### Activity
Transcribe the entries below exactly, starting with the line that has "Sizes Phone /" and stopping after the line that has "4b3e535f5 Camiseta de"; no pictures belong in the copy.

### Given records
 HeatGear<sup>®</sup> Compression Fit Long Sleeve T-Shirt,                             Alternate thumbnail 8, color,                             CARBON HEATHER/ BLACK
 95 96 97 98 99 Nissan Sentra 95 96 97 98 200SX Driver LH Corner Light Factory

* * *

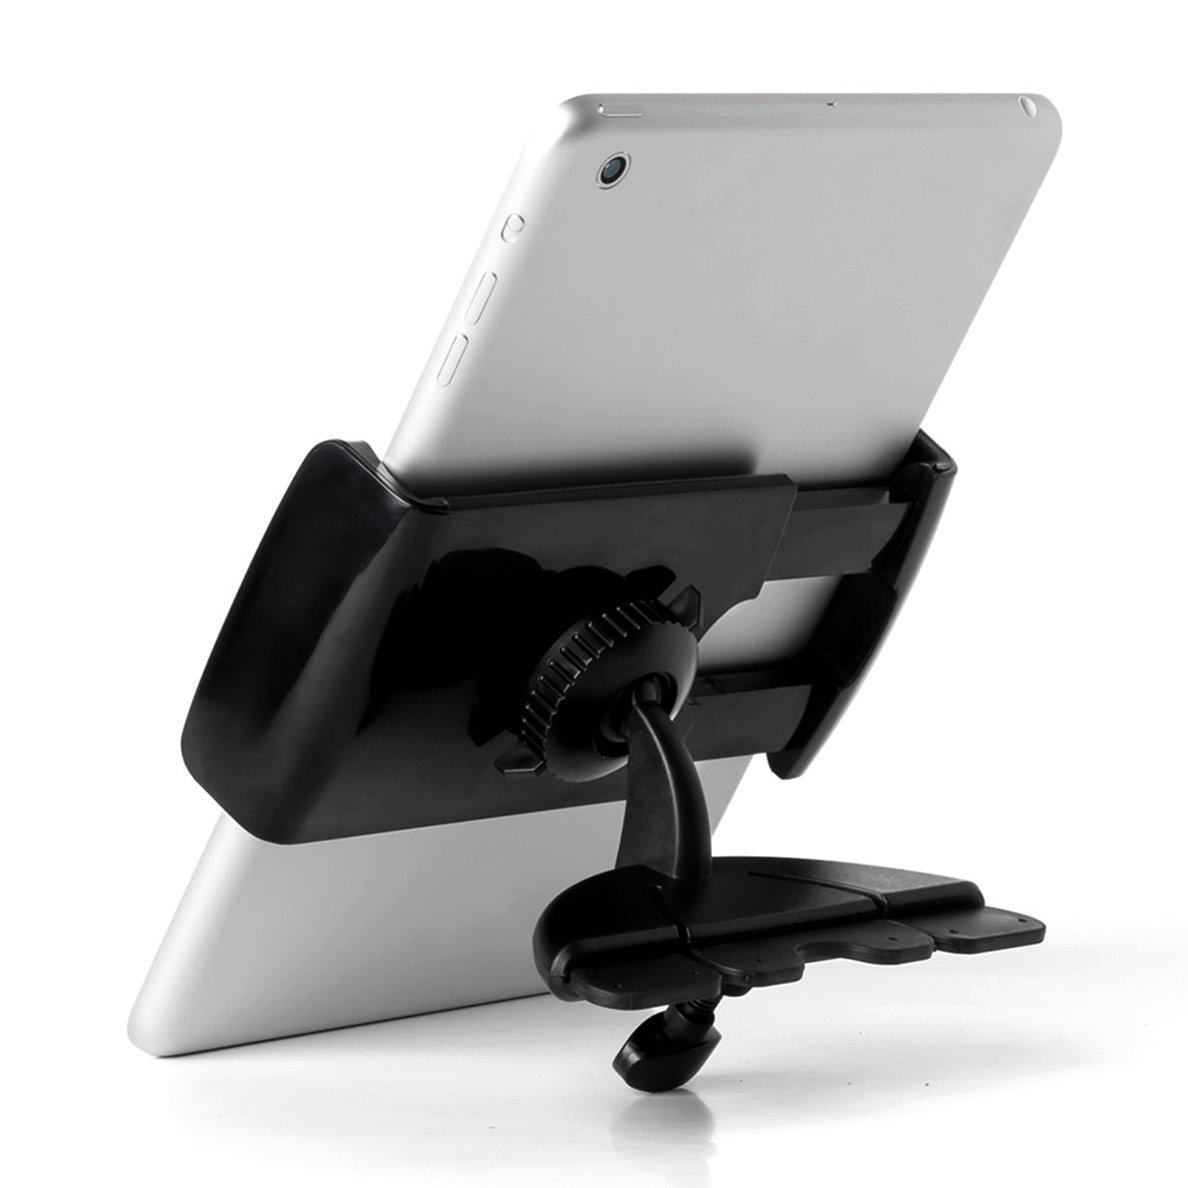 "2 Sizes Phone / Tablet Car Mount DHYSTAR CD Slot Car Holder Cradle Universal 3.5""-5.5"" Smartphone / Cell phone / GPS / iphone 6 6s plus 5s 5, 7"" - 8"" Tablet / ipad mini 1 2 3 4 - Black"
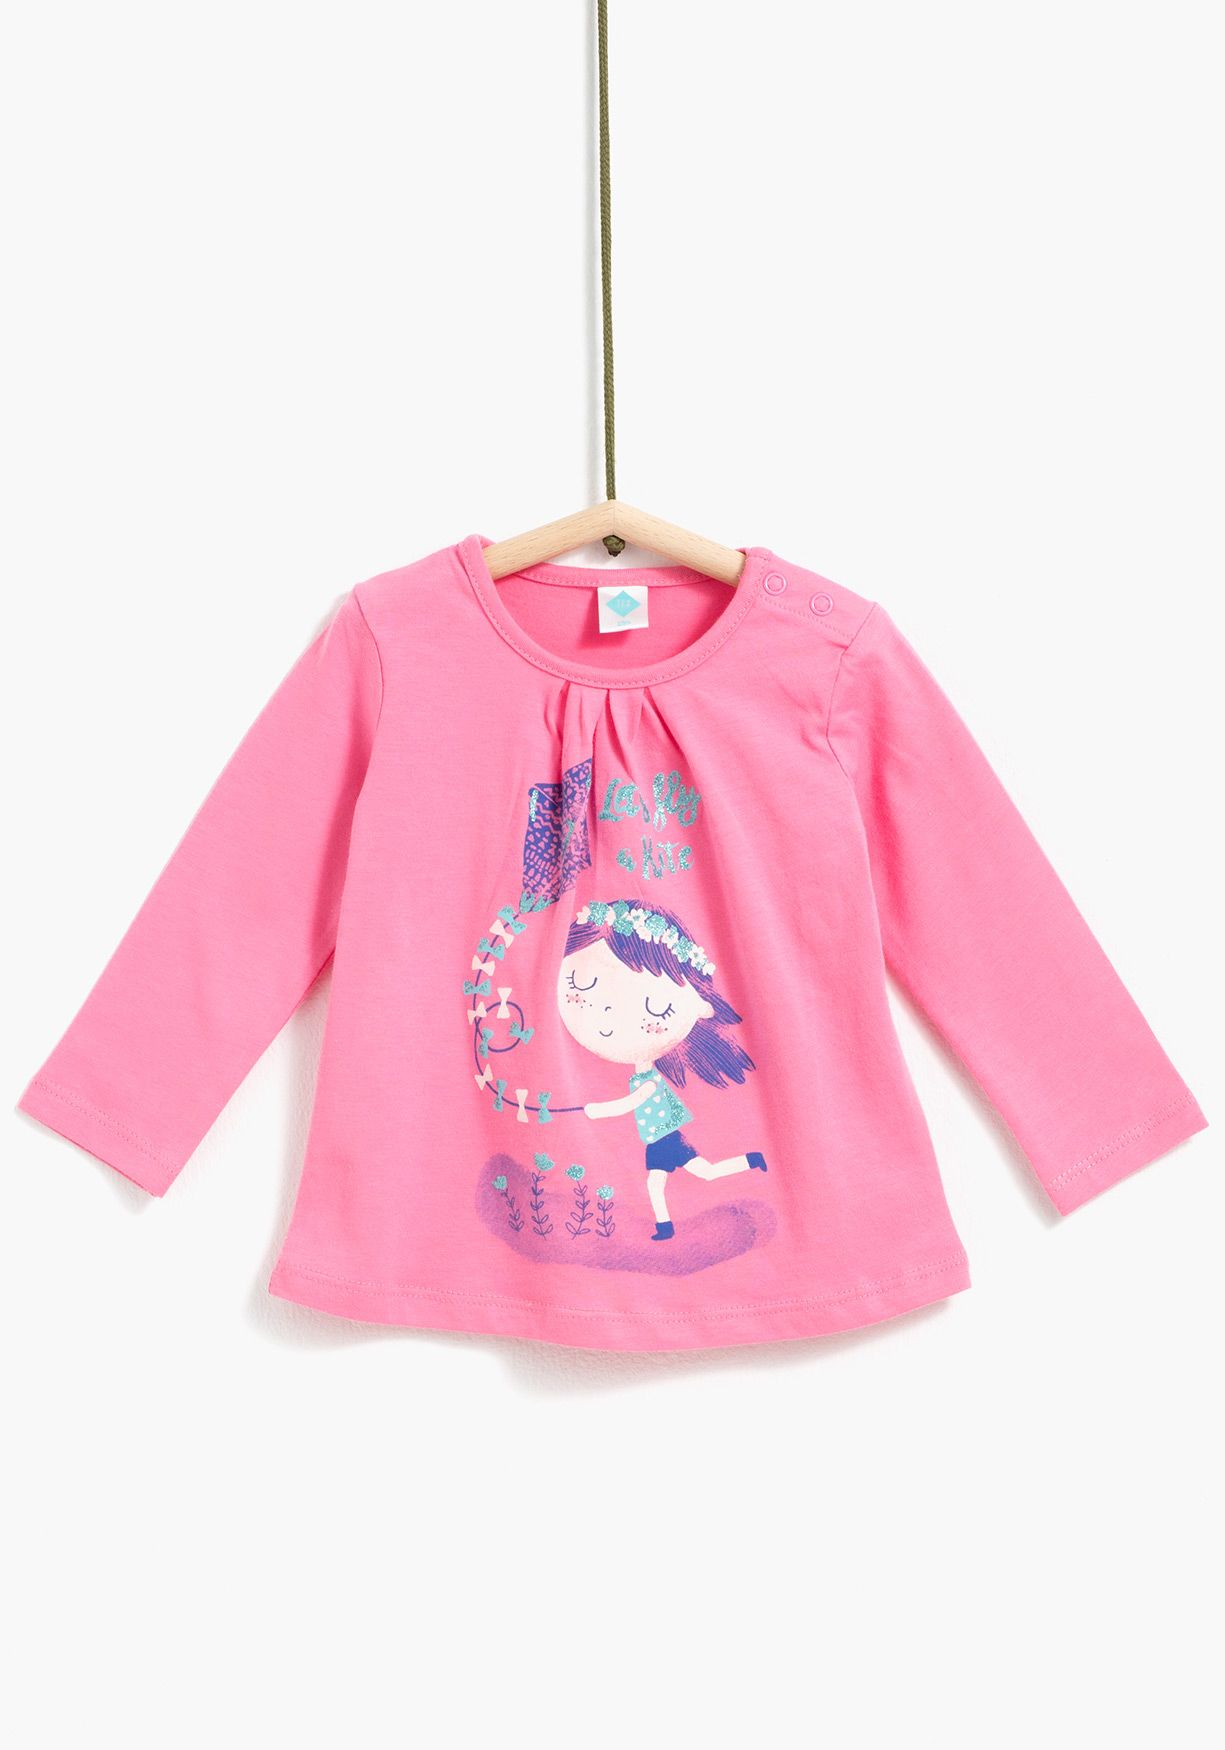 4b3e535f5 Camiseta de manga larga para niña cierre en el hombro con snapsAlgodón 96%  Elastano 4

### Answer area
 "2 Sizes Phone / Tablet Car Mount DHYSTAR CD Slot Car Holder Cradle Universal 3.5""-5.5"" Smartphone / Cell phone / GPS / iphone 6 6s plus 5s 5, 7"" - 8"" Tablet / ipad mini 1 2 3 4 - Black"
 4b3e535f5 Camiseta de manga larga para niña cierre en el hombro con snapsAlgodón 96%  Elastano 4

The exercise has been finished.